EXERCISE OBJECTIVE:
Output every record word for word, minus the pictures.

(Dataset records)
○ ○ ○
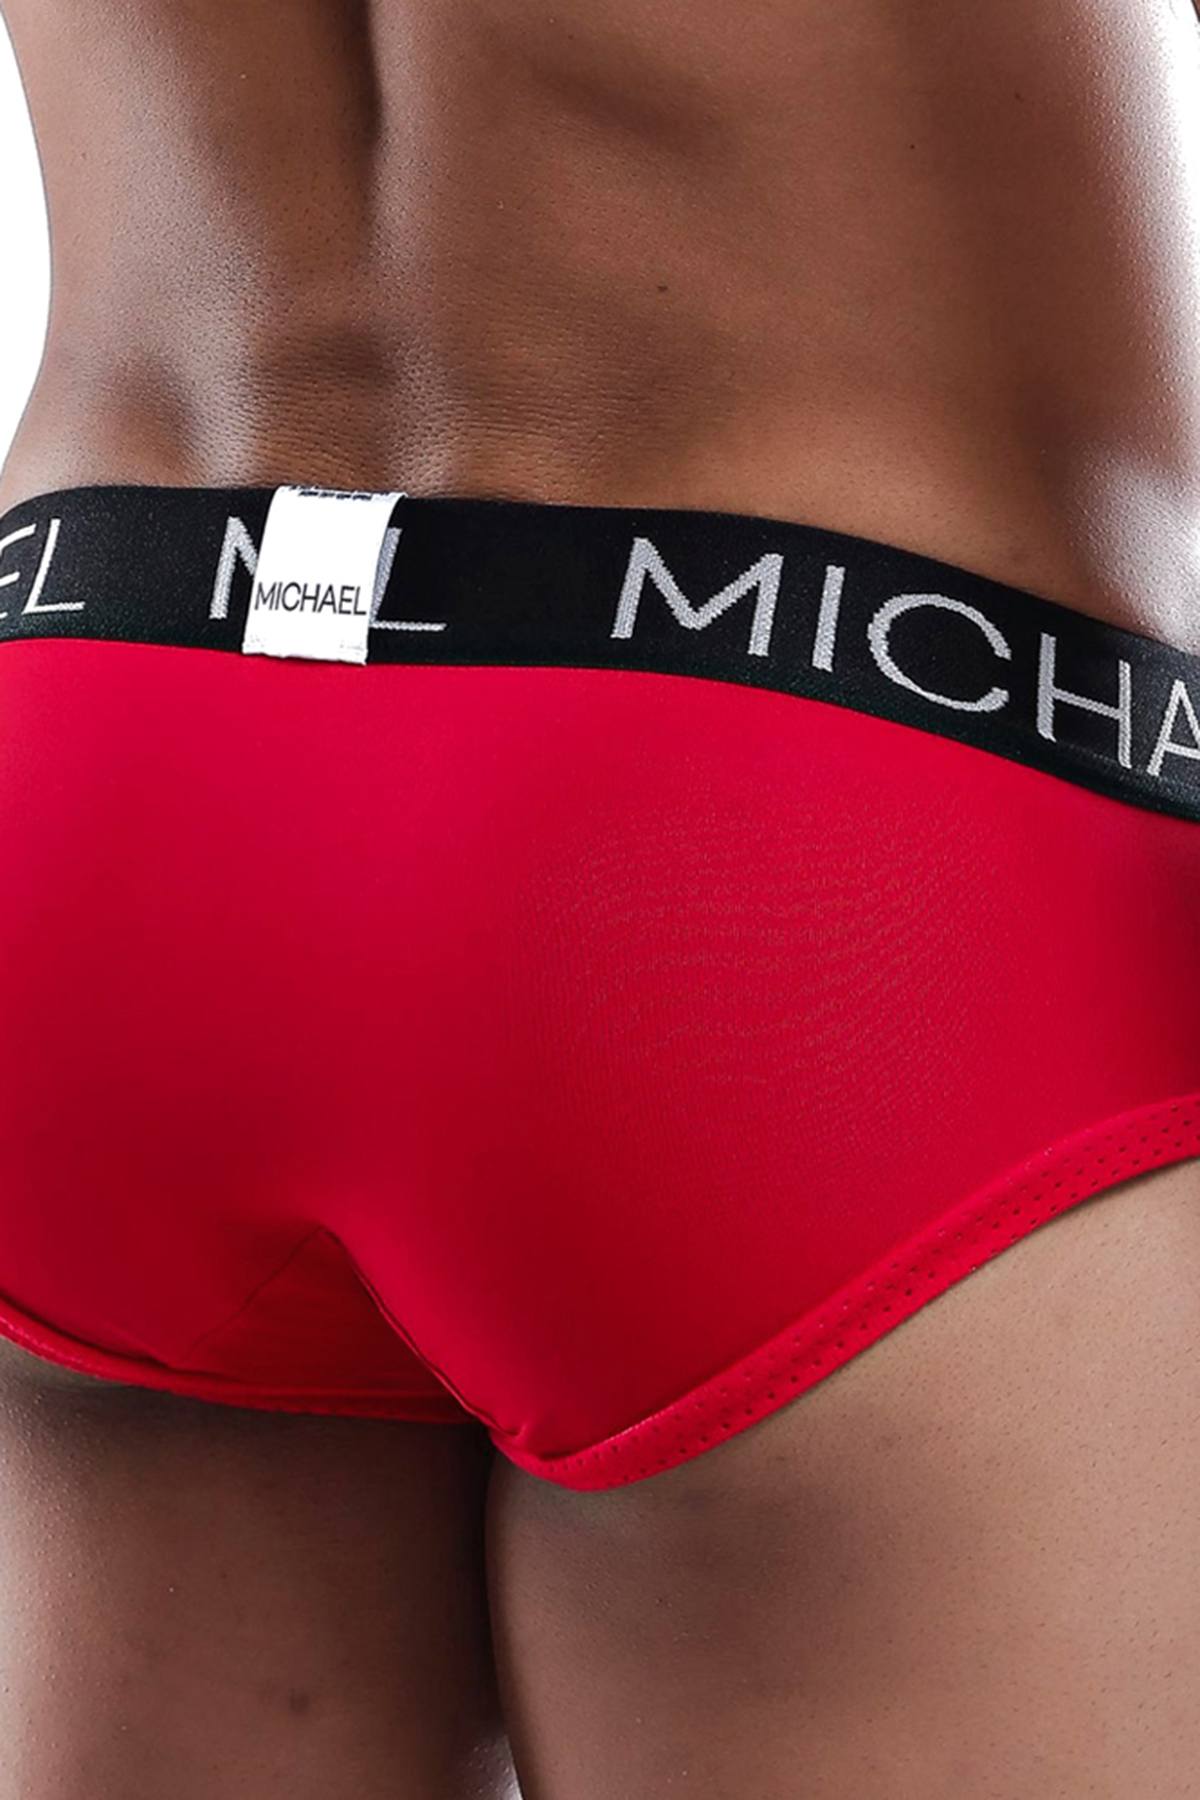 Michael MLH017 Cardinal Red Brief
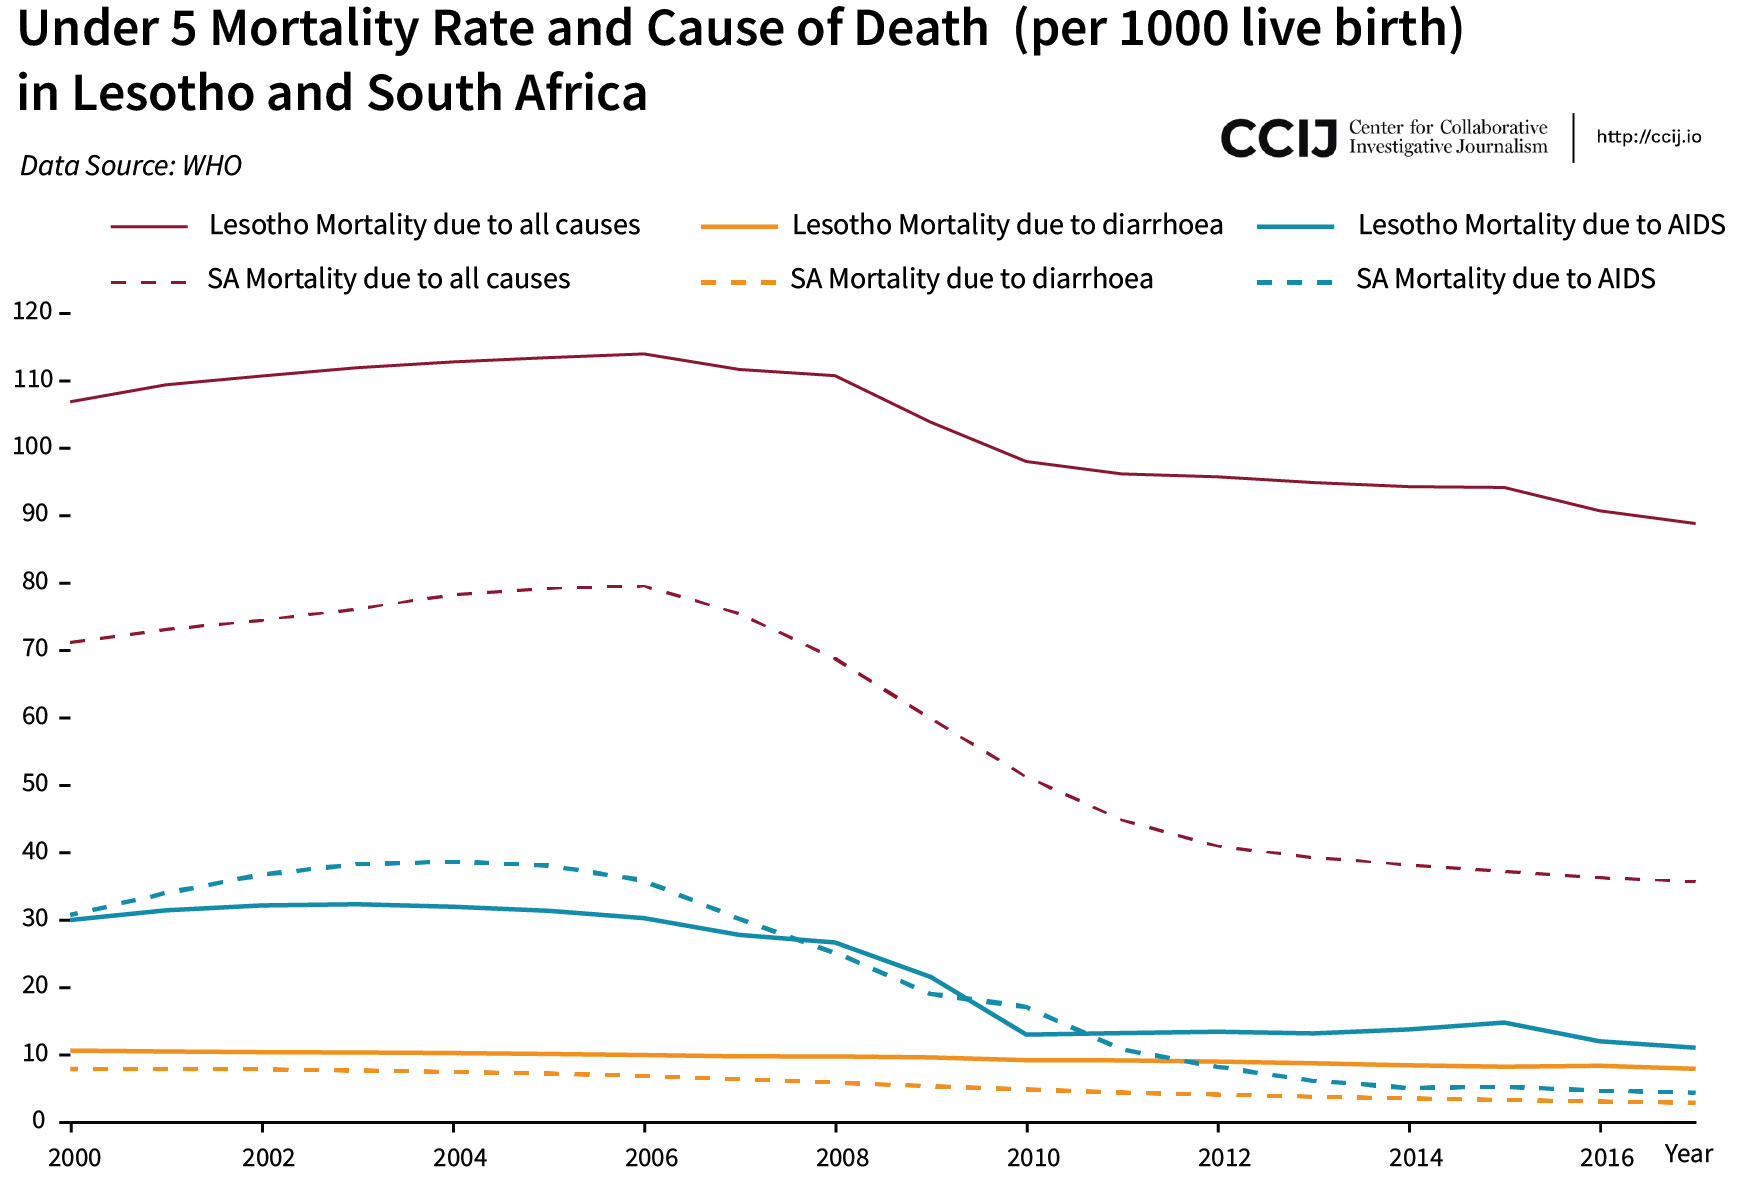 A line graph chart comparing the under 5 mortality rate and causes of death in Lesotho and South Africa
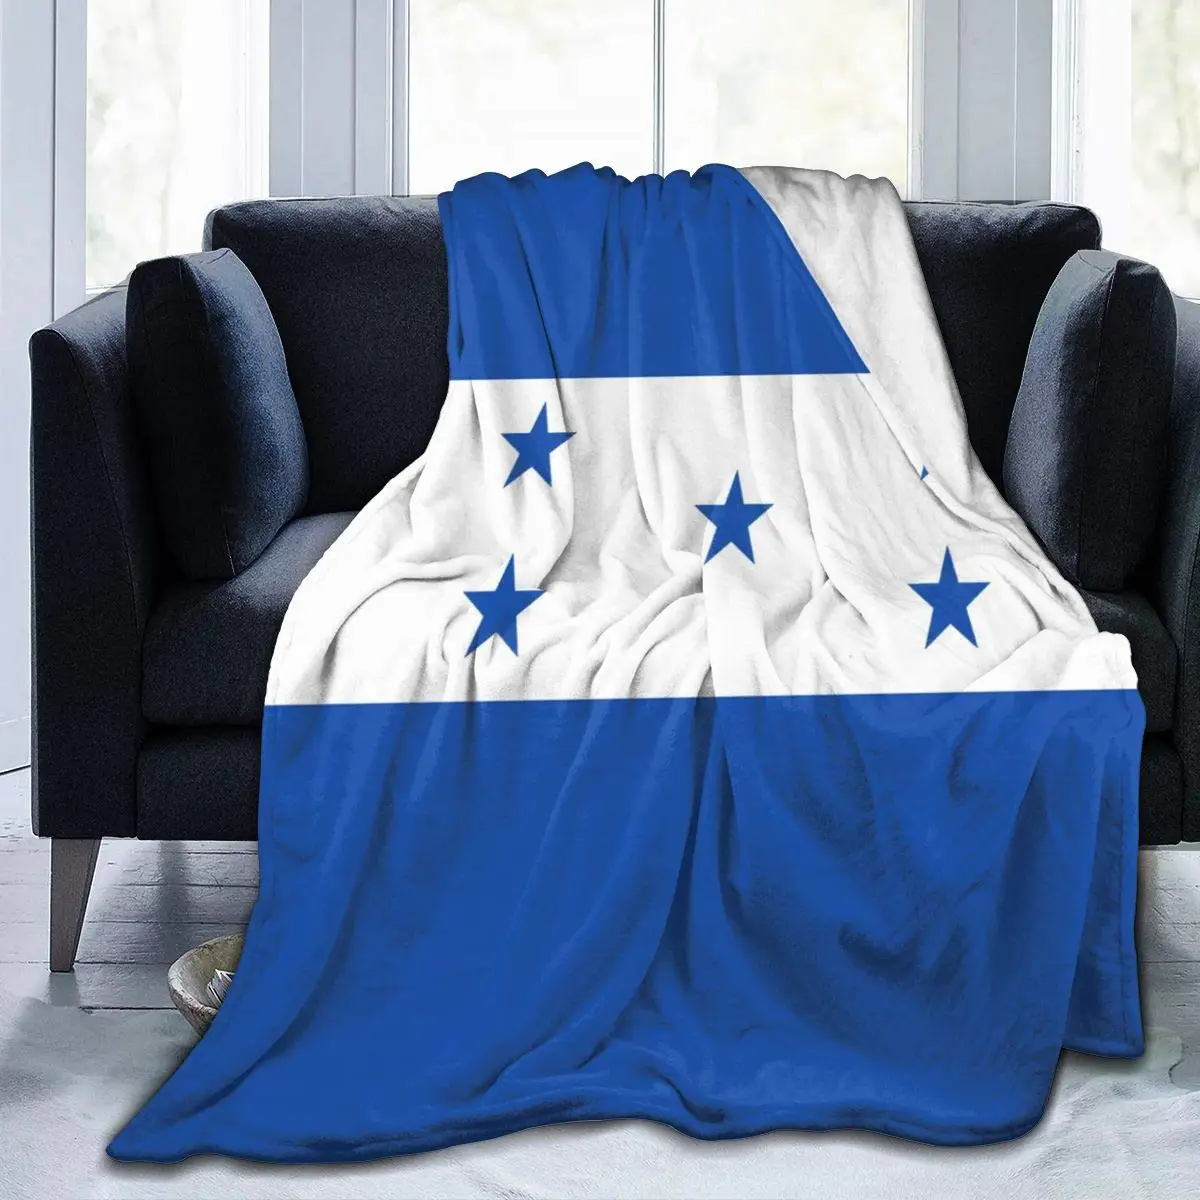 

Honduras Flag Sherpa Blanket Comfy Bed Blanket for Family Festival Gifts, Cozy Flannel Throw Blankets Durable Warm Sofa Blanket
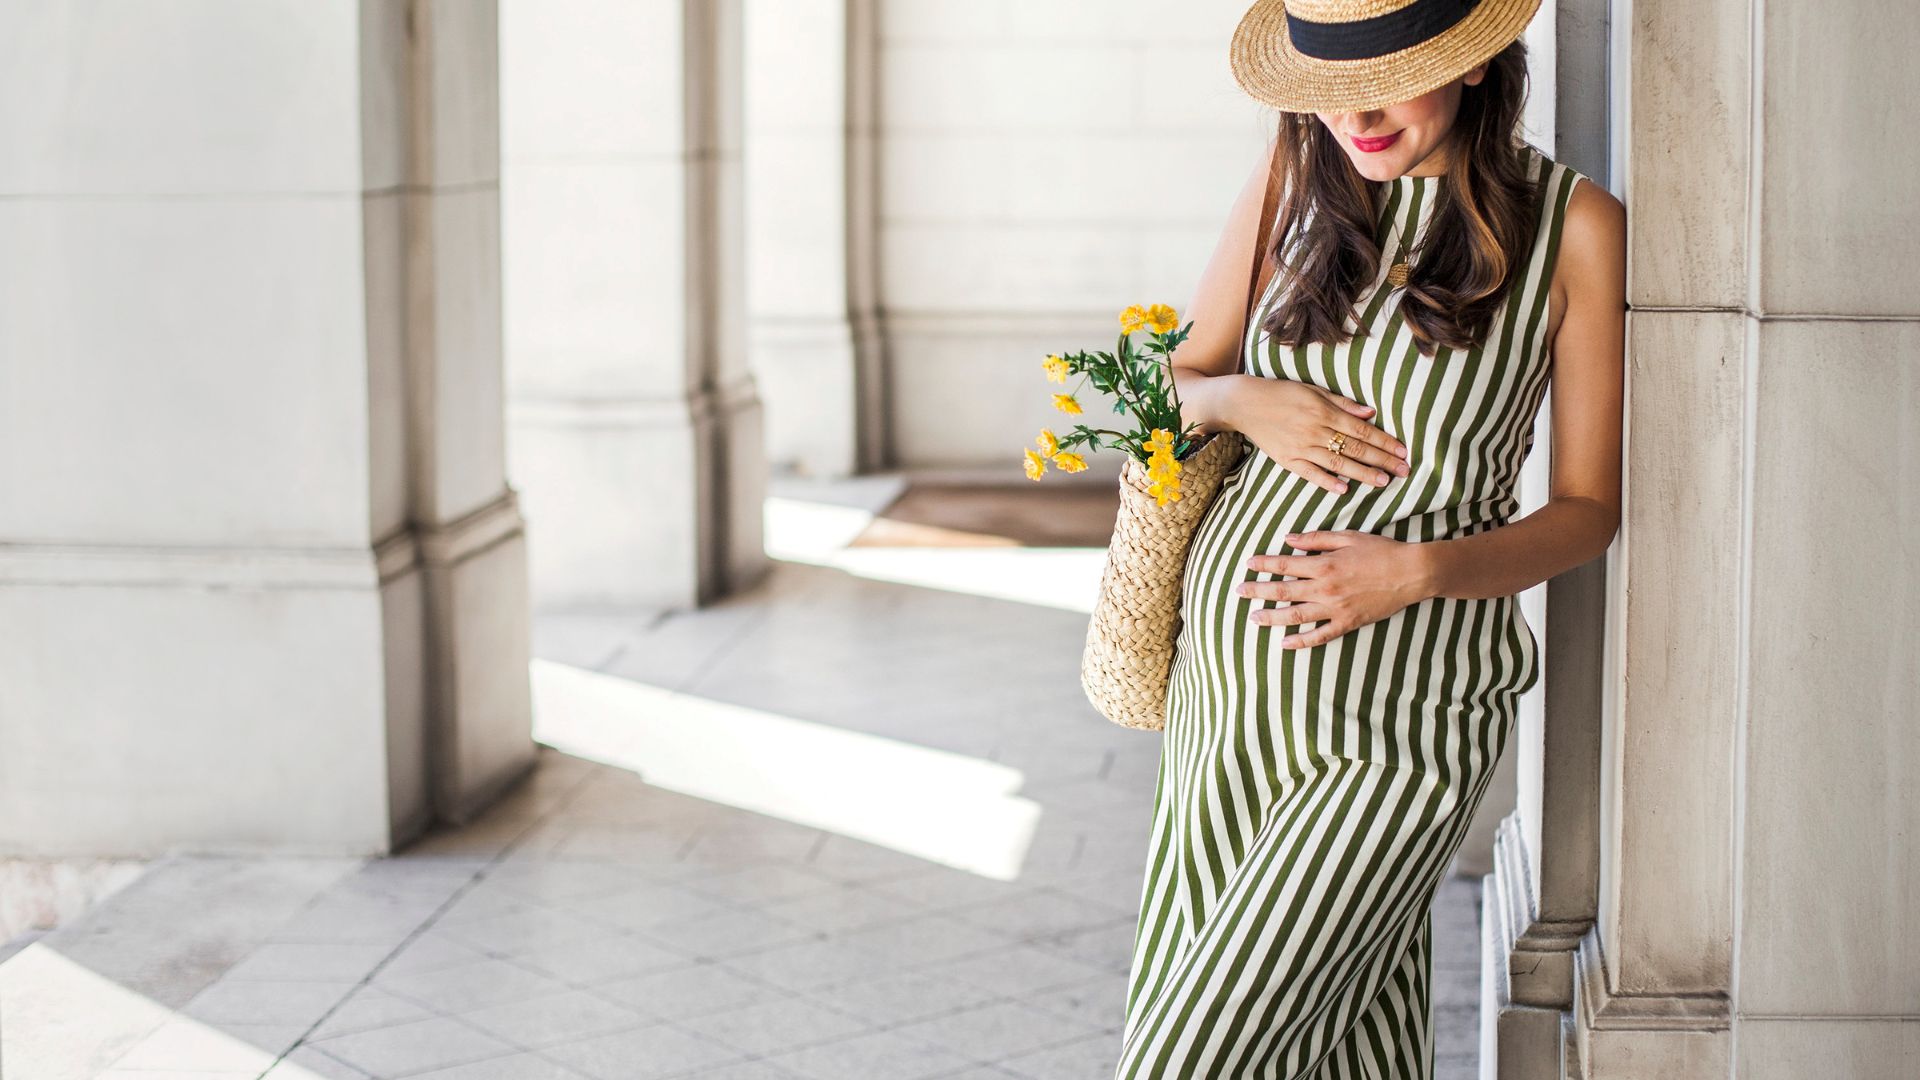 Looking stylish during pregnancy - tips for a comfortable & fashionable summer wardrobe
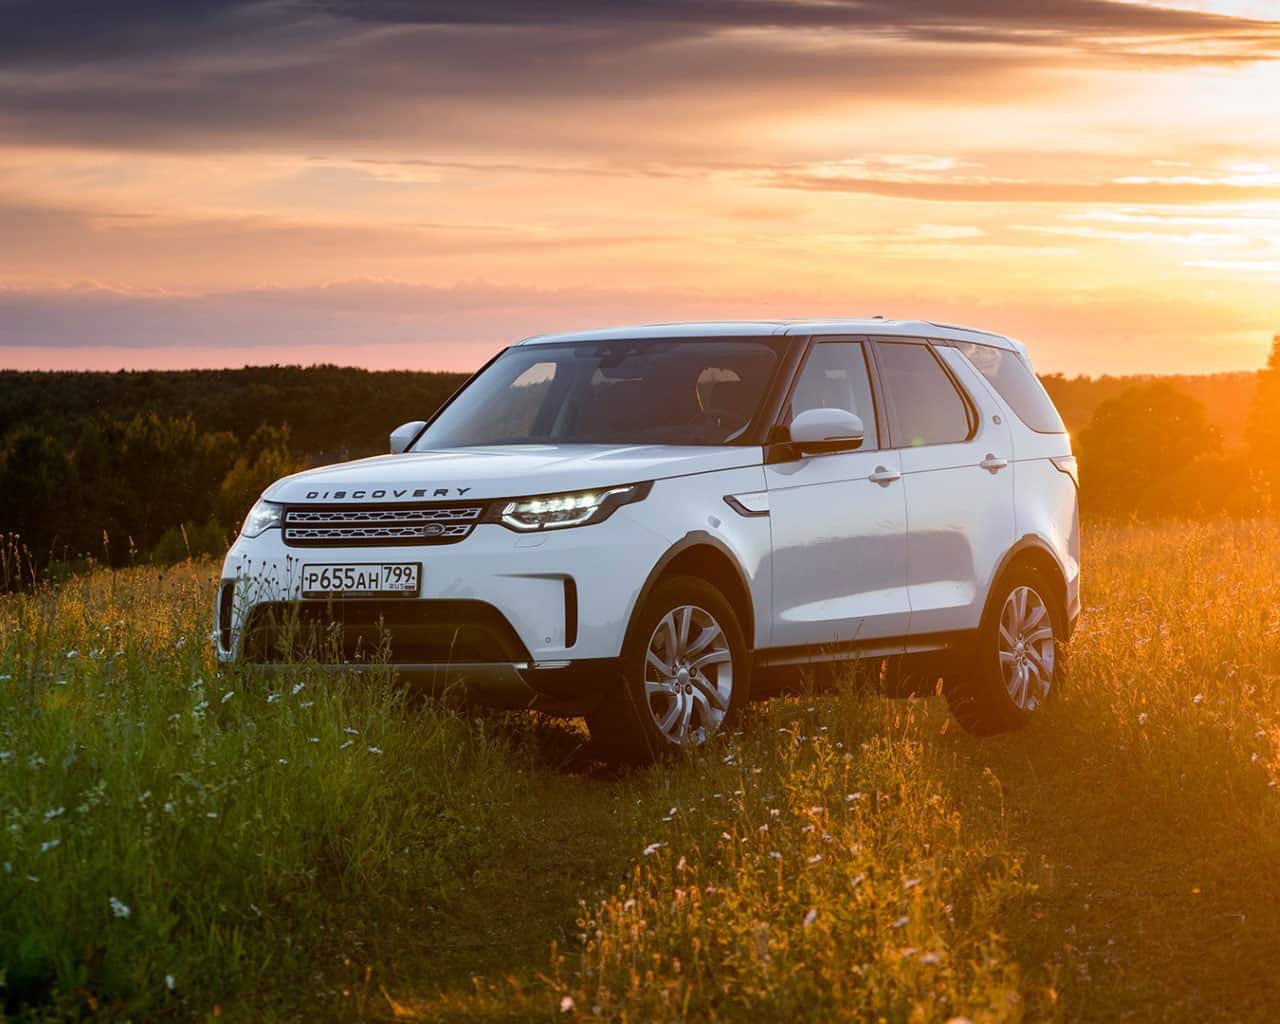 Model Year 2019 Land Rover Discovery in India
○ ○ ○
PROBLEM SOLUTION:
 Michael MLH017 Cardinal Red Brief
 A line graph chart comparing the under 5 mortality rate and causes of death in Lesotho and South Africa

Honduras Flag Sherpa Blanket Comfy Bed Blanket for Family Festival Gifts, Cozy Flannel Throw Blankets Durable Warm Sofa Blanket
 Looking stylish during pregnancy - tips for a comfortable & fashionable summer wardrobe
 Model Year 2019 Land Rover Discovery in India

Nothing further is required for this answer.